Reflection for Sunday – June 15, 2025

Readings: Proverbs 8:22-31; Romans 5:1-5: John 16:12-15
Preacher: Deirdre McKiernan Hetzler

Have you ever given much thought to what it means that you and I are made in the image and likeness of God? What is our image of God? Yours and mine?

When we bless ourselves, we say “in the name of the Father, and the Son, and the Holy Spirit.” Right? The Holy Trinity. And today, our liturgy celebrates the Trinity. But what is the Trinity? We name three distinct Persons, yet say they are One God. This analogy of the Trinity as a community of three Persons is a symbol, inadequate as all symbols are. Yet it can provide a sense of who we are as “relational beings” created in the image and likeness of this One God. Thus, we are caught up into the inner life of the Trinity.

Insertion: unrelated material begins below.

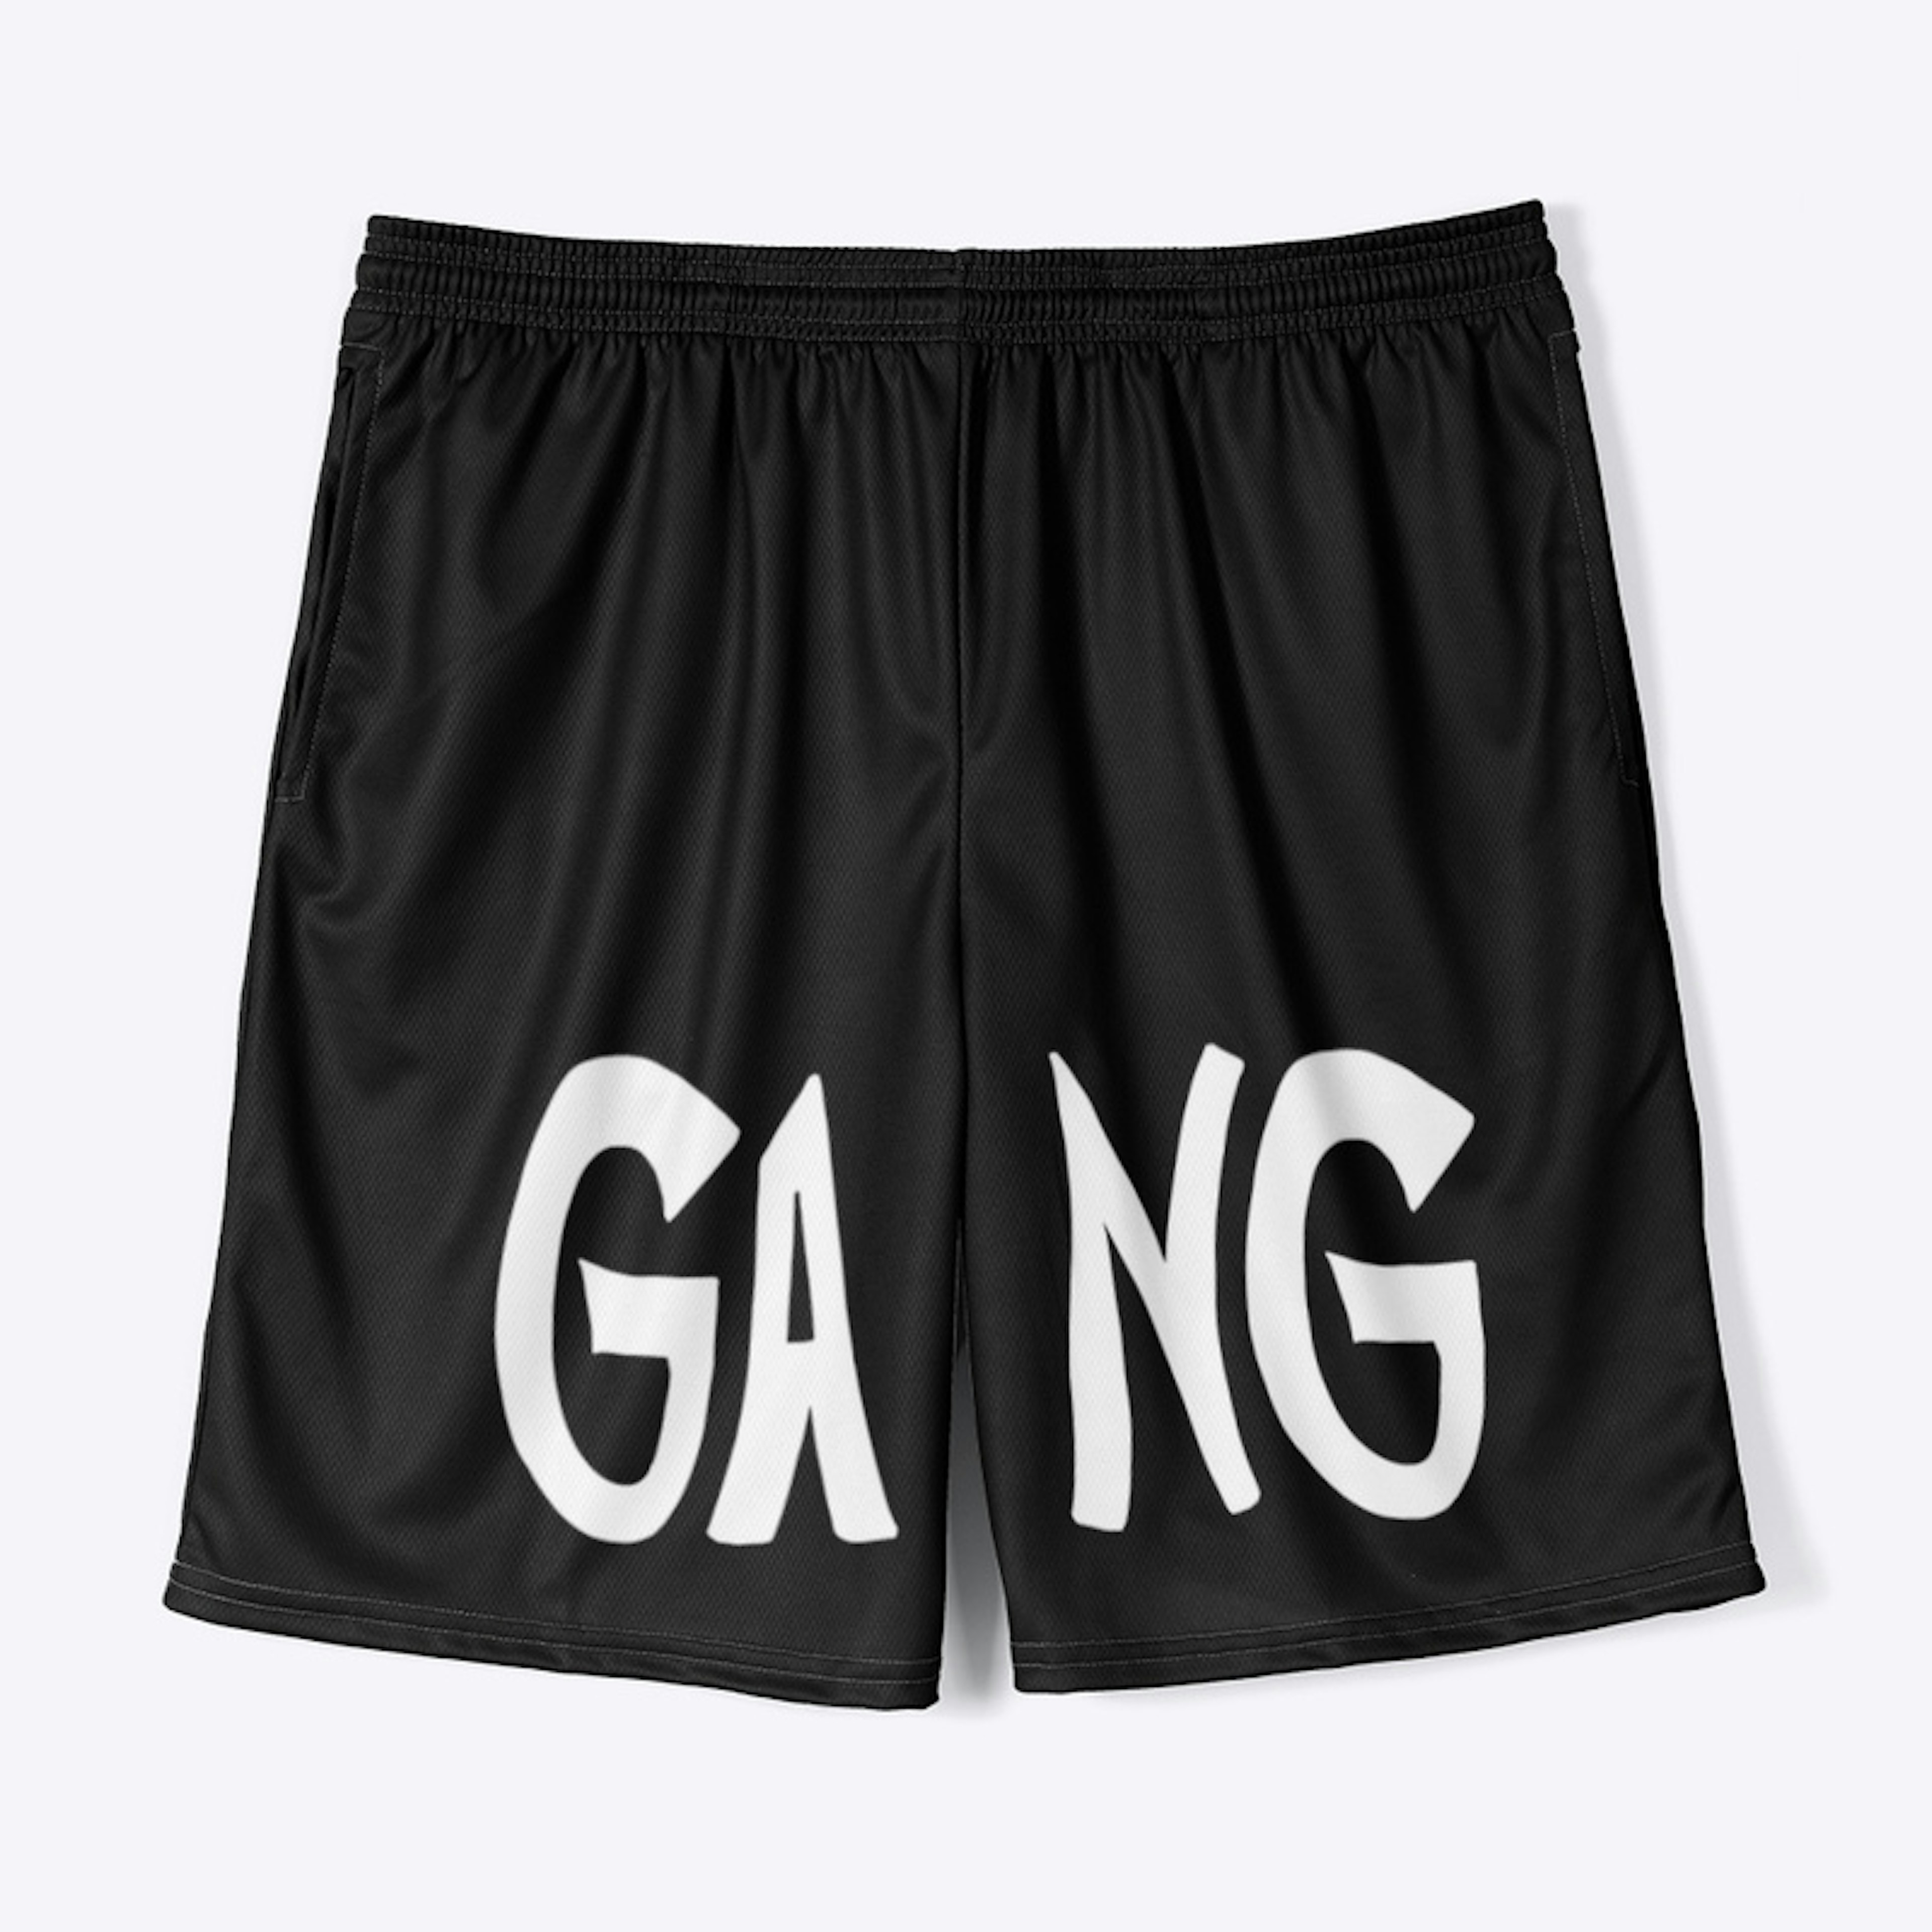 Gang shorts

St. Augustine spent years trying to unpack all this in his writing. I love this version of a story about him. Supposedly, Augustine came across a boy emptying containers of sea water into a hole in the sand. When Augustine told the child his task was impossible, the child replied, “And neither will you ever be able to explain the Trinity.”

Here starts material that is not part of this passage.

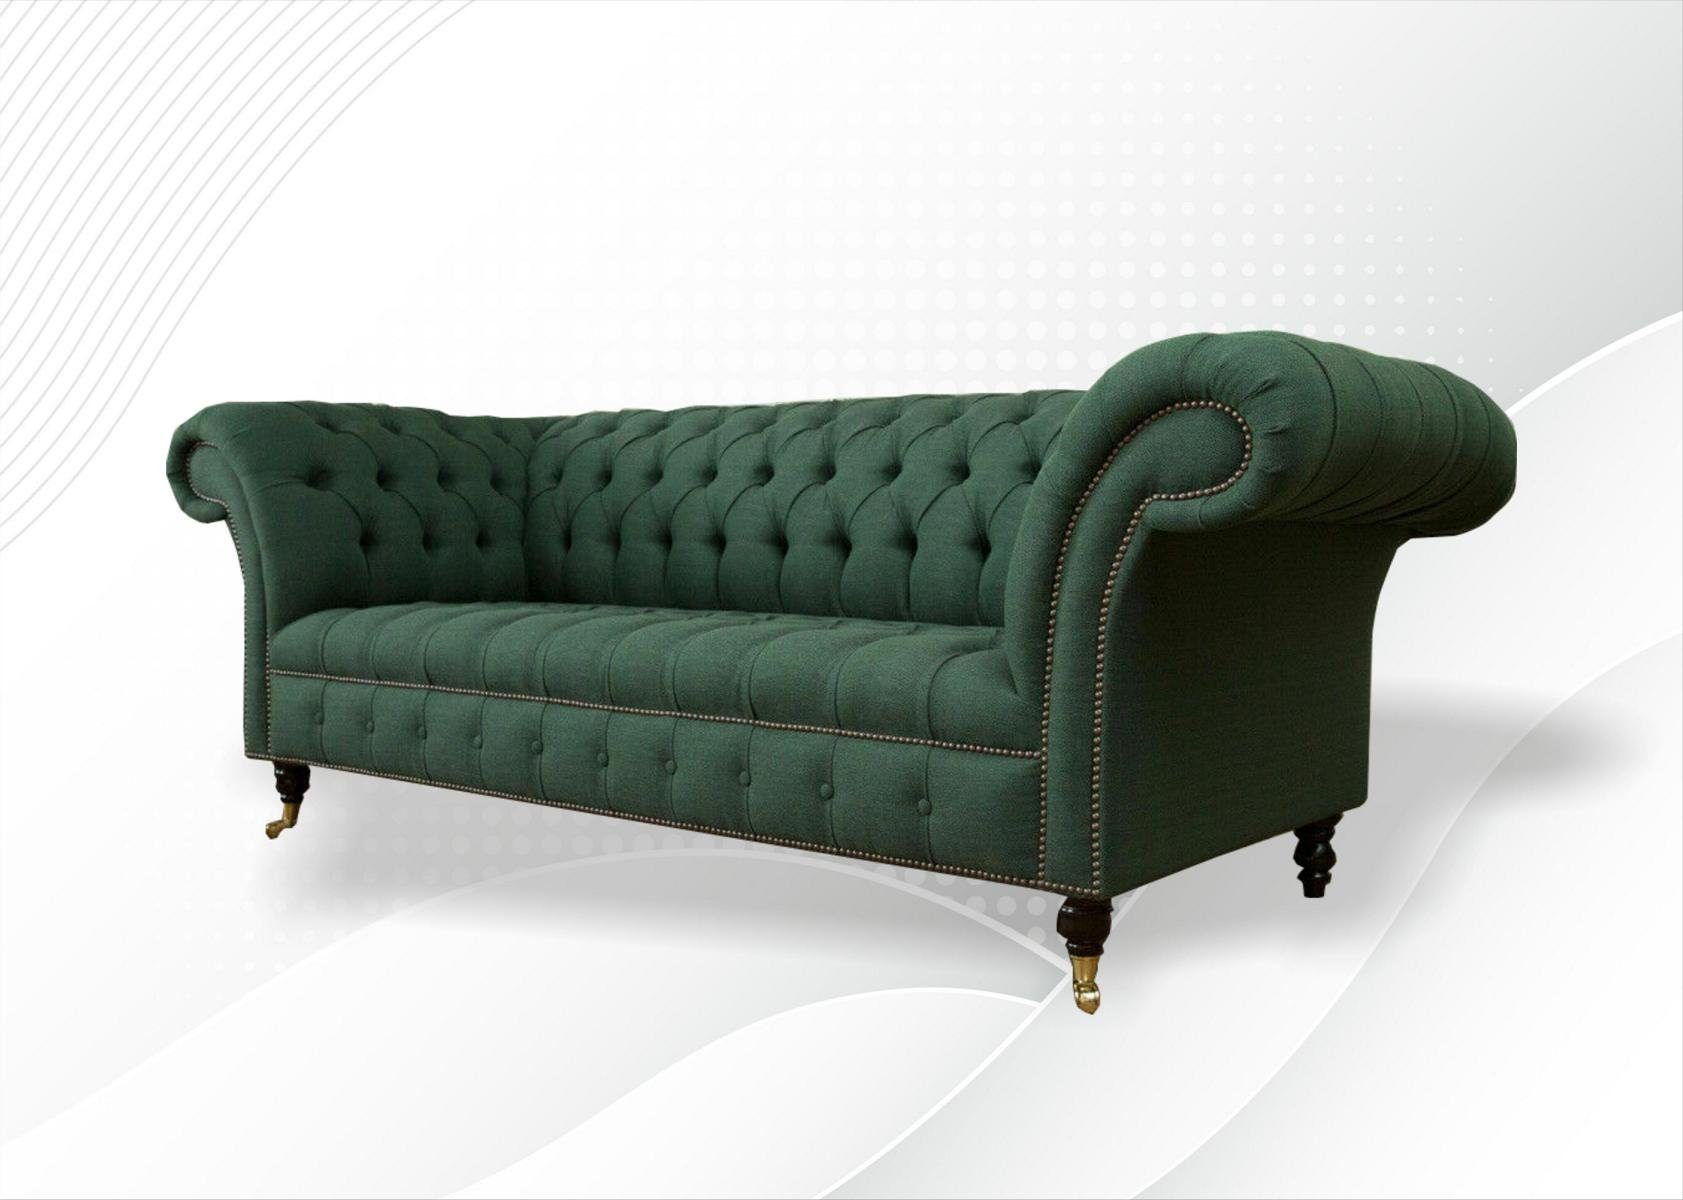 Endpreis im Ausverkauf JVmoebel Chesterfield-Sofa, Sofa Sofa Chesterfield Sitzer Design cm 225 Couch 3

The Nicene Creed tries to explain, saying that the Holy Spirit proceeds from the Father and the Son. That seems to me a poor way to say that it is the love flowing between God the Father and Jesus that is the Spirit. In plain English, then, the Trinity is a community of love centered in God. Take a minute to digest that and consider the ramifications. We are created in the image of a community of love! Whoa! What does it mean to be a community of love? To live as people created in that image?

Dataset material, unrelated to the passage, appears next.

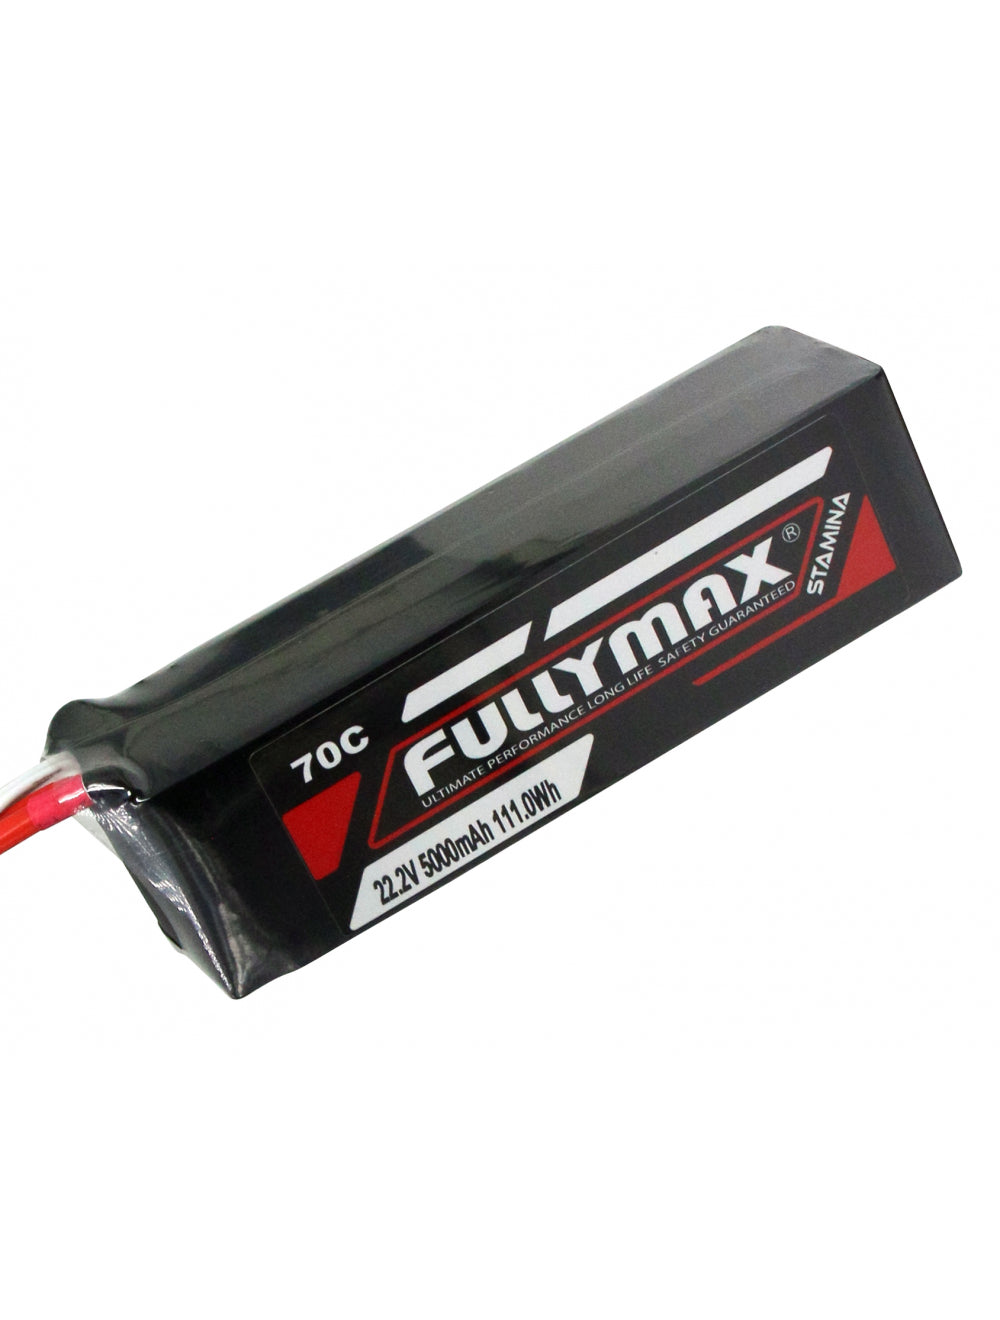 Overlander Fullymax 5000mAh 22.2V 6S 70C LiPo Battery - EC5 Connector 3442

How does a community of love respond tothe times we live in? To the multiple crises in our personal and societal lives? No easy task! Yet, God’s Spirit has been poured out on us. And lives within us! Giving us the power to grow. The power to become ever more fully that community of love. A community meant to witness God’s vital, caring presence in the world.

I think that call on our lives is especially challenging in our country these days. The apparent blueprint for the current administration is Project 2025, which violates much, if not most, of Catholic teaching. How does a community of love respond? What does it mean to live caught up into the inner life of the Trinity?

One of our own Sisters of St. Joseph responded by opposing the unmarked ICE agents grabbing a man just released by a federal immigration judge in order to obtain a lawyer. Although the agents succeeded in whisking the man away, she and her companion made their concern heard.

Community outcry eventually resolved the case of a four-year-old girl receiving lifesaving care in the US. She and her mother were here from Mexico on a special parole document, because necessary treatment was unavailable in Mexico. Suddenly, her parole was terminated without warning, giving them seven days to leave the country or face consequences. For weeks there was no functional avenue to alert USCIS that a child’s life was in danger. It took an international outcry and pressure from media and elected officials to get a response — something that used to take a single phone call.

The news around the draconian budget cuts brings to mind a story I knew. The story of a family struggling financially. In urging the wife to accept monetary assistance, her sibling put it this way: “Think of this as God’s distributive justice. You have the kids and we have the money.”

Christ has acted out God’s love for us. It is that same love of that same God that the Spirit pours out on us. And through us. In opening ourselves to this divine gift of love, we become the presence of Christ in our world. Like him, we can live with malice toward none and charity for all. In the power of the Spirit, we can become that Trinitarian community of love, made in God’s image. And so we pray, “Help us, O Lord. Let it be so.”